Traveling commercially and on U.S. Navy warships, Grant visited ports of call throughout the British Empire, Europe, and Asia, including Britain, France, Egypt, the Ottoman Empire, Greece, Italy, the Netherlands, Germany, Scandinavia, Russia, Spain, Portugal, Gibraltar, Ireland, India, Singapore, Hong Kong, China, and Japan. Along the way, he met with monarchs, ministers, and average citizens, creating the model for the summitry and public diplomacy practiced by future American presidents and articulating concepts of national self-determination, international organization, and the peaceful settlement of international disputes decades before Elihu Root’s advocacy of binding international arbitration and Woodrow Wilson’s proposal for the League of Nations.
 
Campbell reveals Grant to be a skillful envoy who brought to his travels the deep interest in foreign policy issues he had shown during his administration.
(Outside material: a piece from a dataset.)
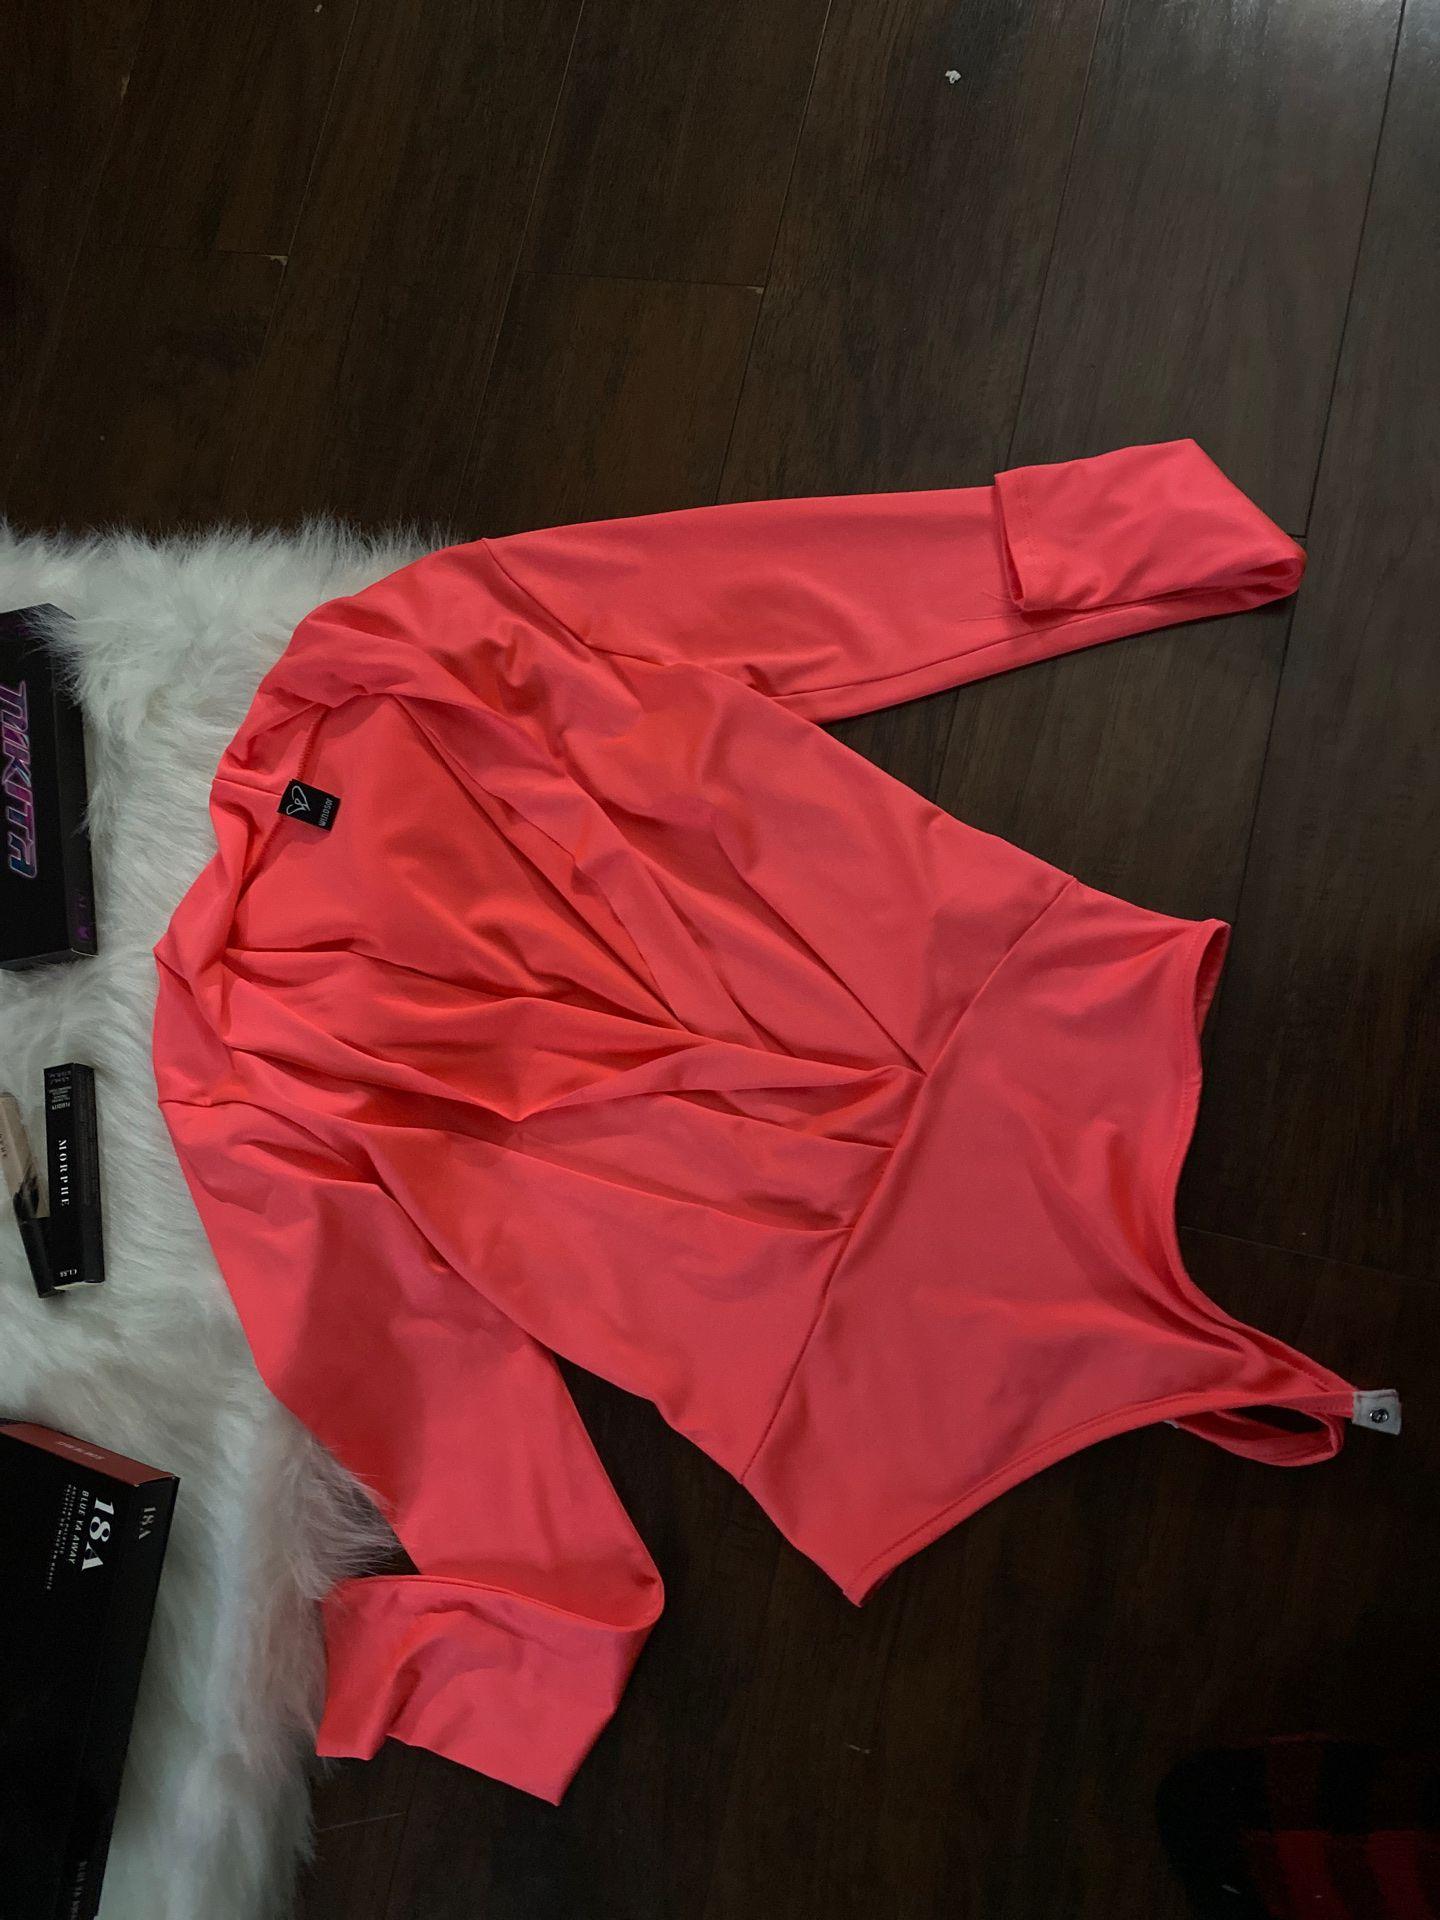 Women's bodysuit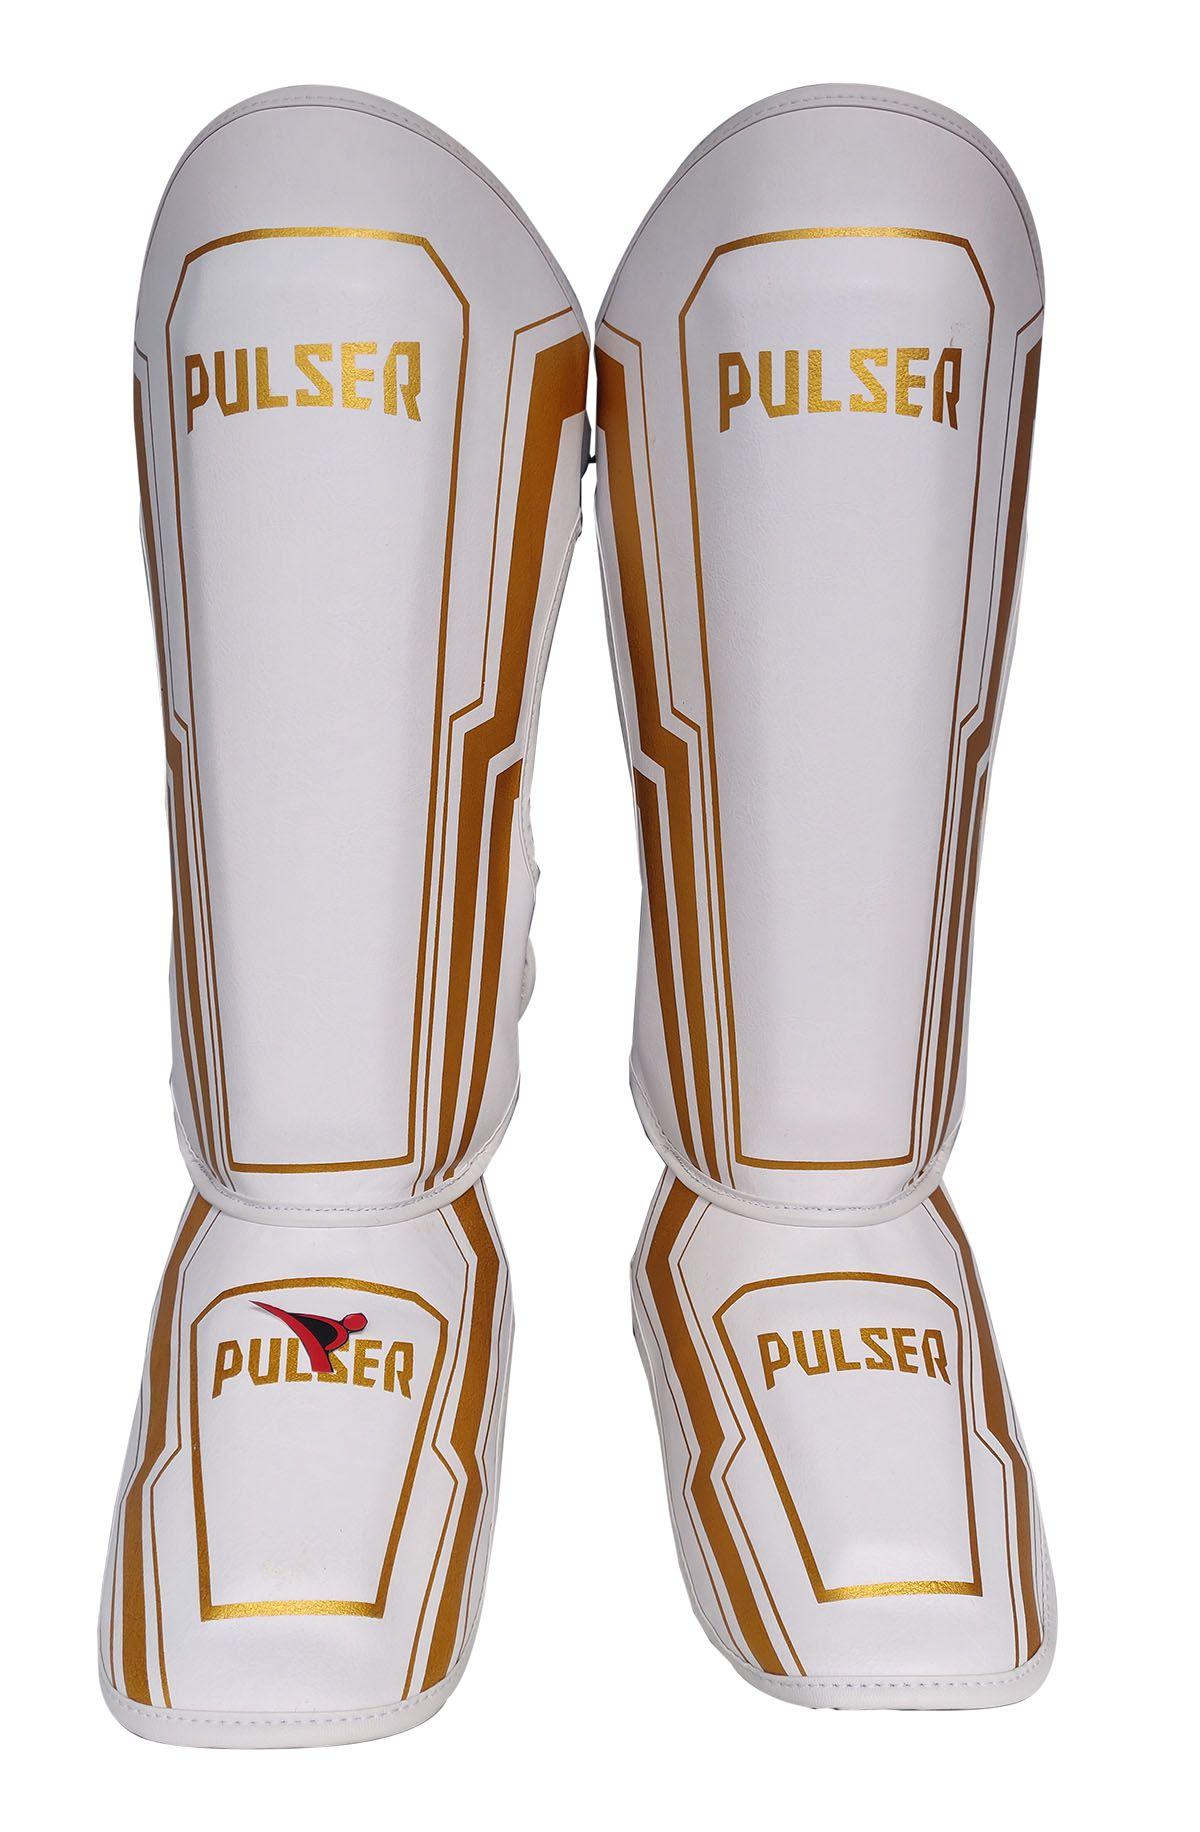 Caneleira Muay Thai MMA Branco Iron Grande 30mm - Pulser  - PRALUTA SHOP

Grant confirmed the United States’ commitment to Anglo-American cooperation, demonstrated America’s interest in the territorial integrity of China, affirmed American faith in universal (male) suffrage as the basis for governmental legitimacy, and asserted the importance of an international order based on equality and justice for all states and their citizens. Grant’s efforts shaped not only John Hay’s Open Door policy in 1899–1900 but also the broader American approach to twentieth-century international relations. Throughout the trip, Julia Grant proved essential to the success of her husband’s mission, and Campbell tells how the couple impressed people around the world with an enduring image of an American president and first lady.
 
By illuminating the significance of Grant’s often overlooked postpresidential travels, Citizen of a Wider Commonwealth establishes the eighteenth president as a key diplomat whose work strongly influenced the direction of future U.S. foreign policy and contributes substantially to the study of American international relations.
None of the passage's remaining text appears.